Measuring Space

Geometry (from the Greek for "measurement of the earth") exists at the border between theory and practice. Books on geometry are correspondingly attentive to the relationship between abstraction and application as that informs their own usefulness and relevance as text. The three treatises in this section foreground specific instruments of measurement as technologies through which geometry might be practically and theoretically advanced. At the same time, they demonstrate the extent to which the book itself was a technology: in the manner of Dürer's great Art of Measurement (see Making Books, Using Books section), all three are in vernacular languages, making them available to a relatively broad range of readers and practitioners, and all combine explanatory narrative and graphic illustration as mutually reinforcing forms of instruction. These are, moreover, small books, easily portable and therefore usable within the actual situations or scenes of measurement that they variously represent.

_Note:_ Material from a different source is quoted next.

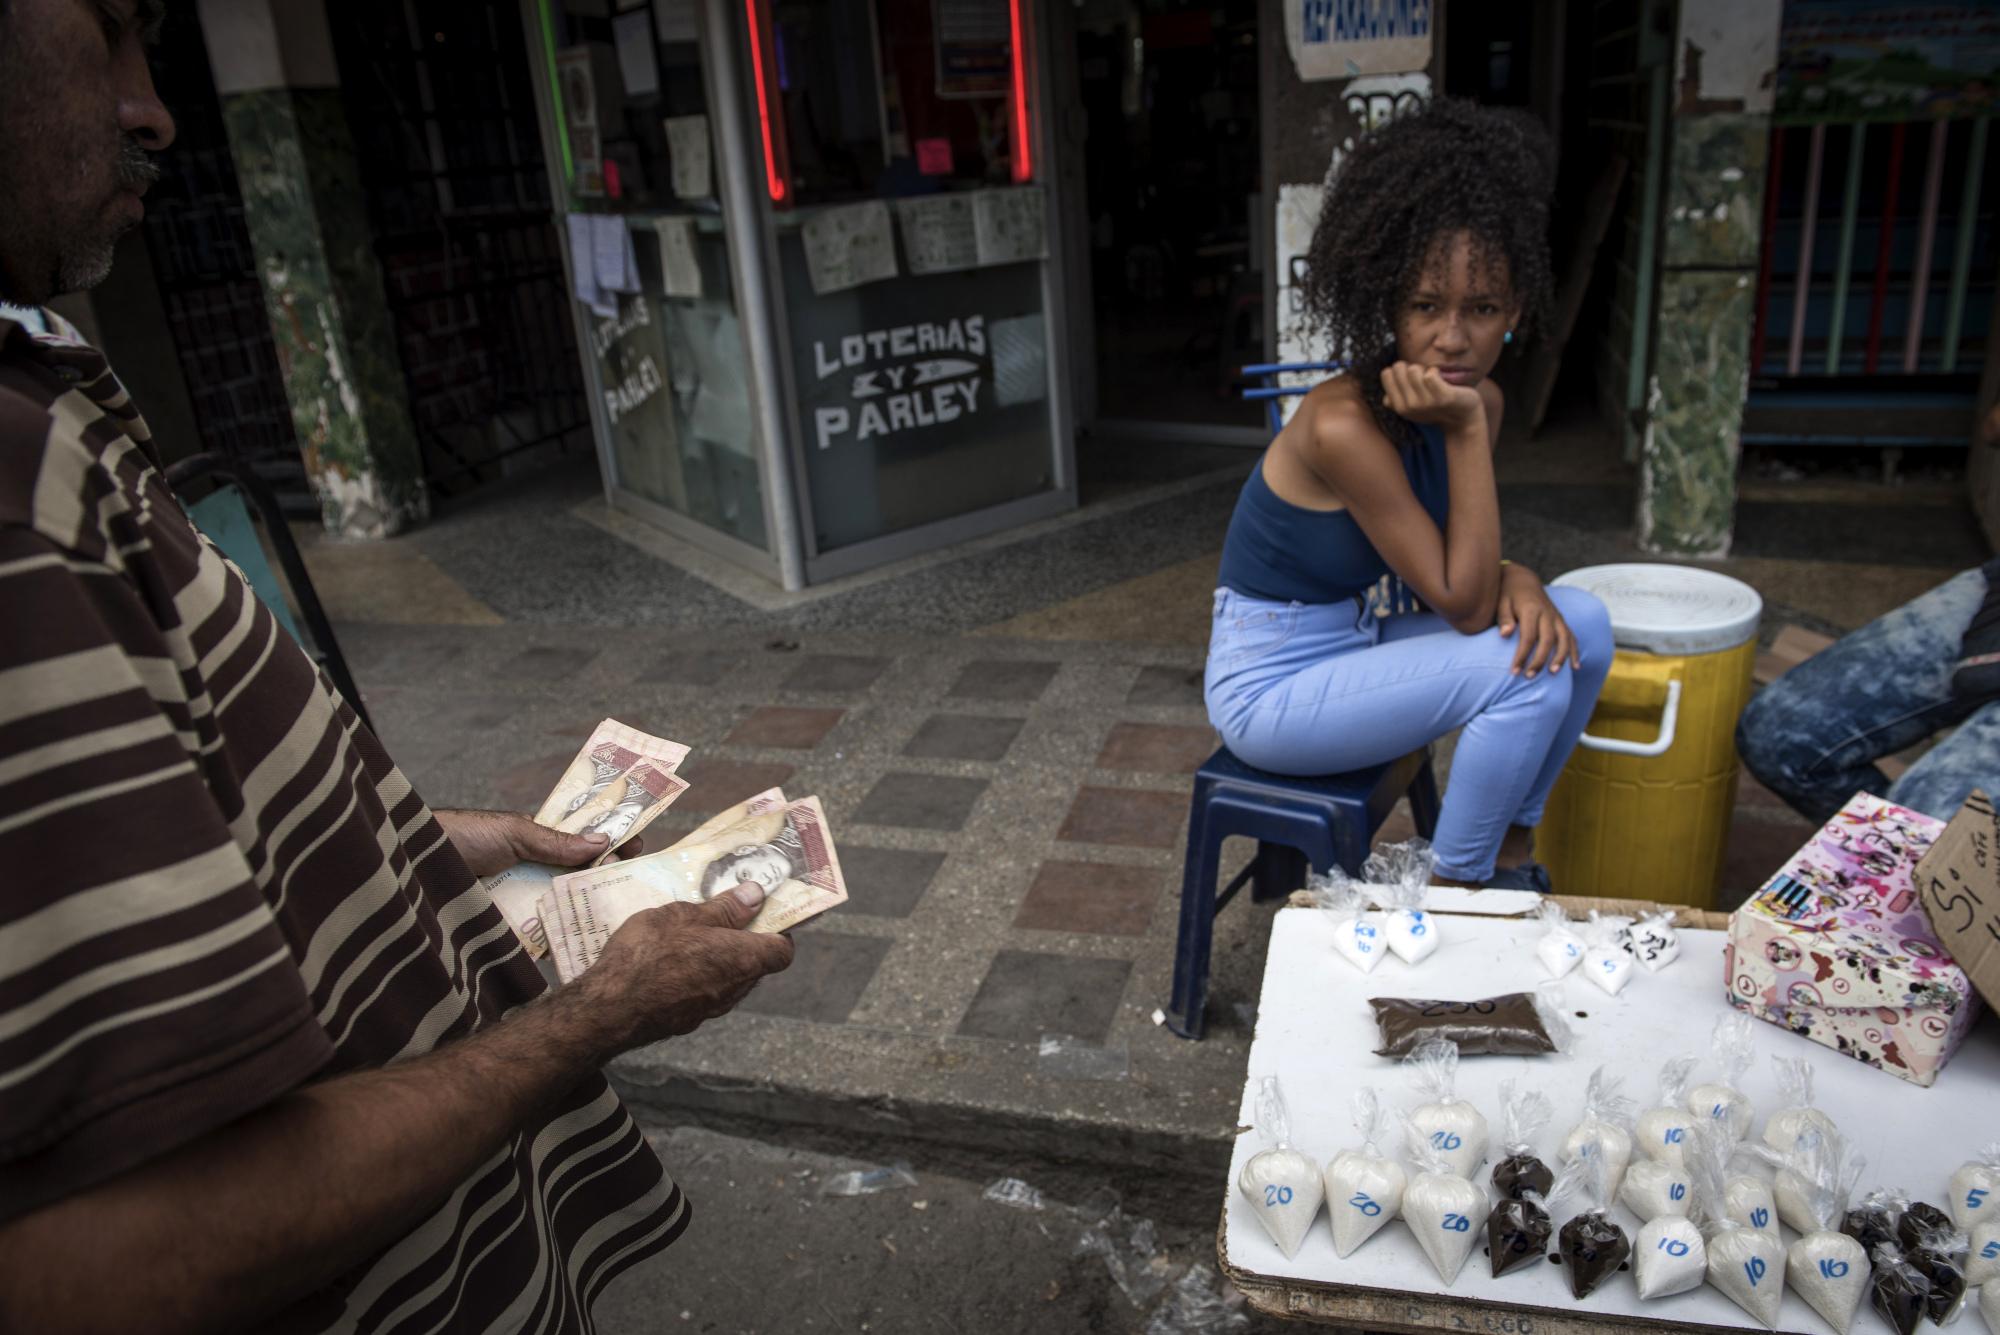 bloomberg.com - Michelle Jamrisko - The World's Most Miserable Economy Has Seven-Figure Inflation

Ottavio Fabri's beautifully illustrated treatise on the squadra mobile, a newly invented adjustable set square (Item 1), promoted the instrument by demonstrating its theory and usefulness to cartographers, surveyors, navigators and others involved in the measurement of distance and depth. The first part of Thomas Digges's A Geometrical Practise (Item 2) similarly teaches Euclidean principles through the application of traditional instruments such as the geometrical square, semicircle and planisphere. The illustration shown, on the use of the geometric square for measuring the distance between ships on the sea, underscores Digges's sense that practice perfects knowledge of theoretical principle. This is a point that Digges makes in terms of what it means to apply his own book in situations other than those it has illustrated: by "searching out the reason and demonstration" of the book's basic principles, he notes, "the diligent practizioner" will learn to think for himself and discover or "inuent manifolde meanes to resolue the like or other stranger questions...."

The Greek "Pantometria" of Digges's title promises a measurement useful everywhere; implicit here is a kind of utopian ideal of a fully measurable universe, but such hyperbole can be thought of, too, as masking specific, more worldly uses. Like Fabri's manual, Leonhard Zubler's book (Item 3) was also an advertisement for a new chorographic instrument, usable in a number of contexts for measuring land. The chapter heading to the military illustration shown translates "How to measure the width of a moat and height of a wall to be breached." The picture makes vivid just how important, in an age of militaristic and technological expansion, manuals of measurement were for practicing and perfecting the art of war.

Ottavio Fabri (fl. 1598).

L'Vso Della Sqvadra Mobile Con La Qvale Per Teorica Et Per Pratica Si Misura Geometricamente ogni distanza . . . .
Venice: appresso Francesco Barilleti, 1598.

Leonard Digges (d. 1571).

A Geometrical Practise, named Pantometria, diuided into three Bookes, Longimetra, Planimetra and Sterometria . . . .
London: by Henrie Bynneman, 1571.

Leonhard Zubler (1563-1611).

Fabrica et vsvs Instrvmenti Chorographici: Das ist, Newe Planimetrische Beschreibung . . . .
Basel: in verlegung Ludwig Königs, 1607.